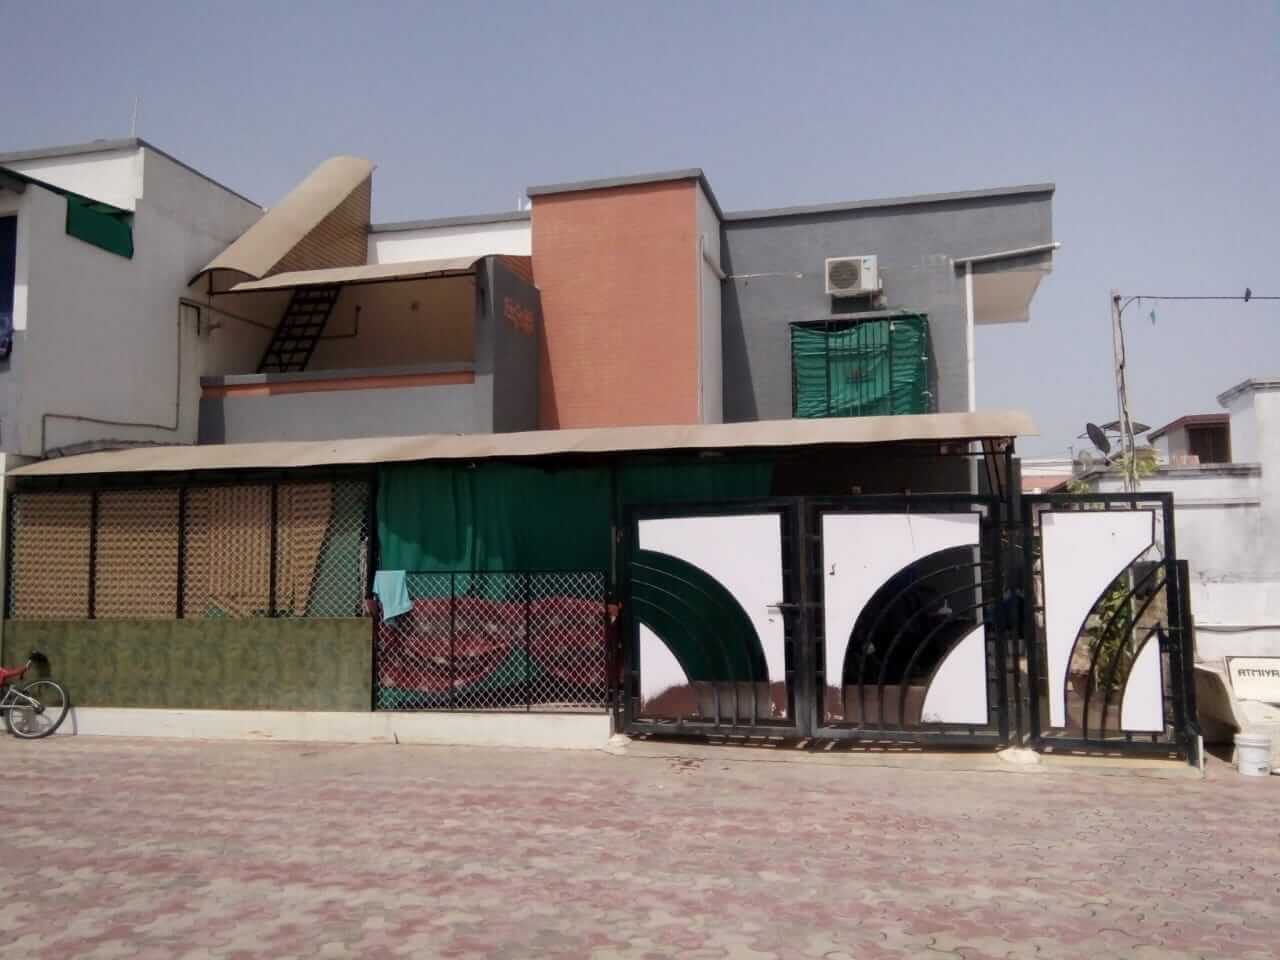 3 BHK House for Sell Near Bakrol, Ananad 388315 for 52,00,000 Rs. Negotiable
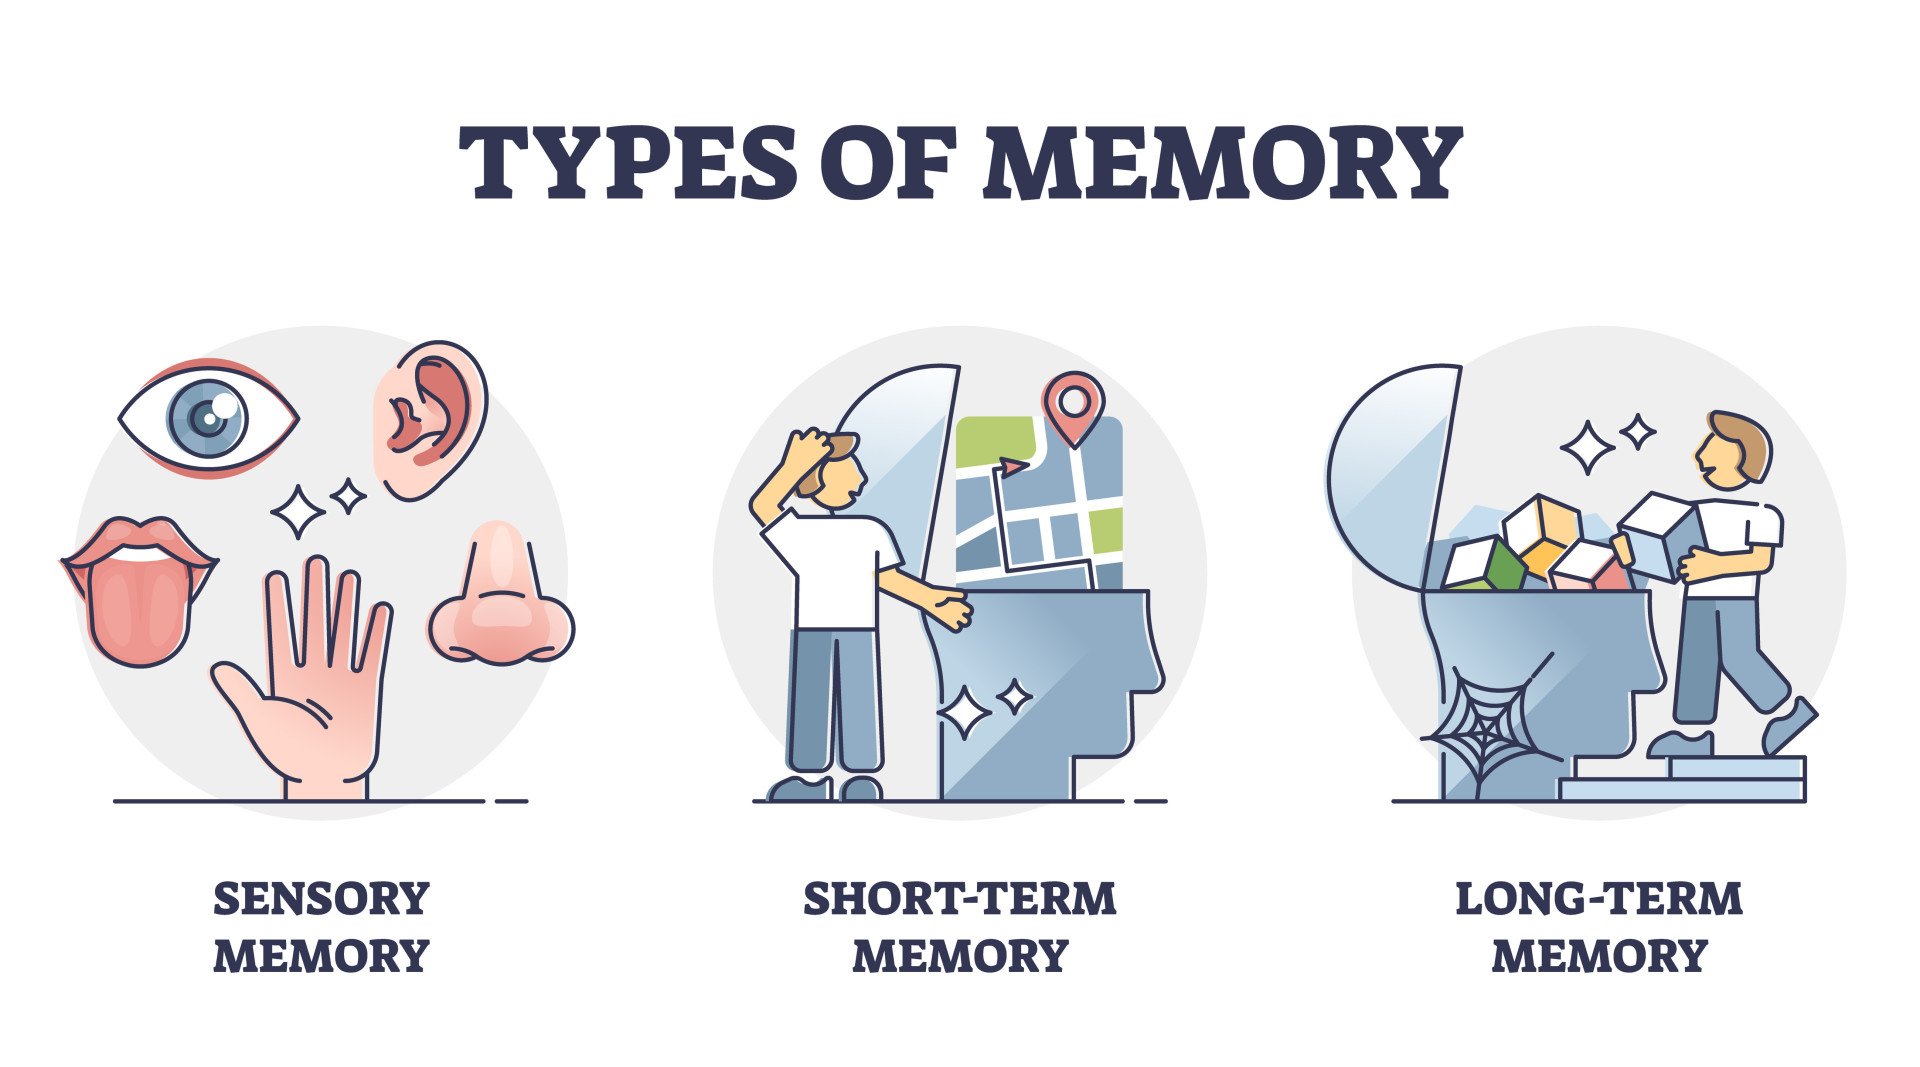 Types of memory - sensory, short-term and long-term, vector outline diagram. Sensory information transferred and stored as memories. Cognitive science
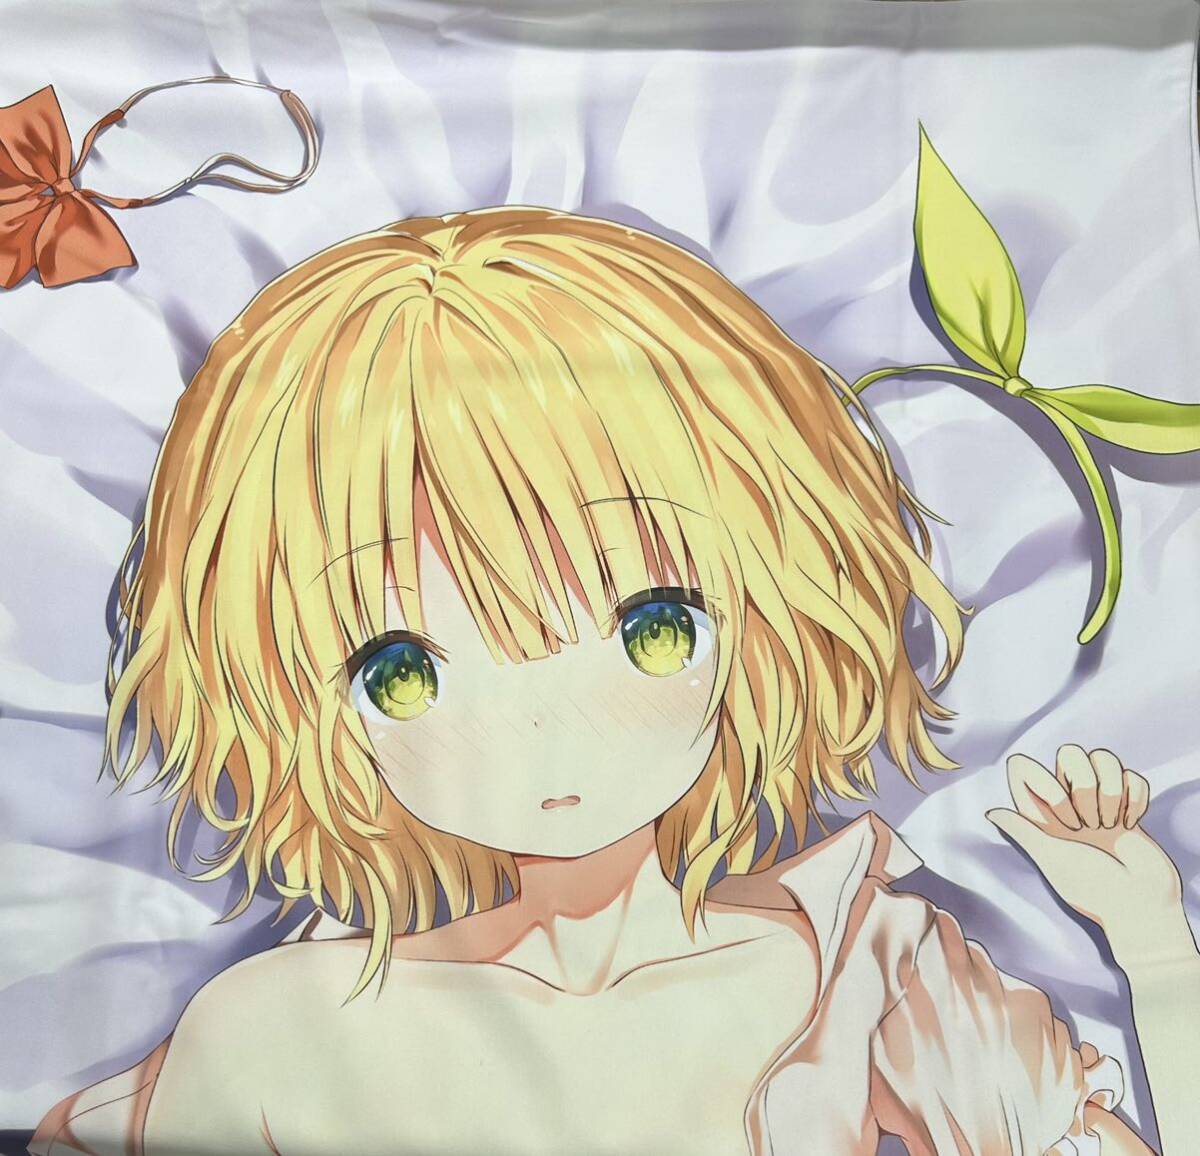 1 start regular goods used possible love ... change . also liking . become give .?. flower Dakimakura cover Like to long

### Work task
Leaving the pictures out, write out all the material above exactly.

### Exercise solution
 3 BHK House for Sell Near Bakrol, Ananad 388315 for 52,00,000 Rs. Negotiable
 Types of memory - sensory, short-term and long-term, vector outline diagram. Sensory information transferred and stored as memories. Cognitive science
 1 start regular goods used possible love ... change . also liking . become give .?. flower Dakimakura cover Like to long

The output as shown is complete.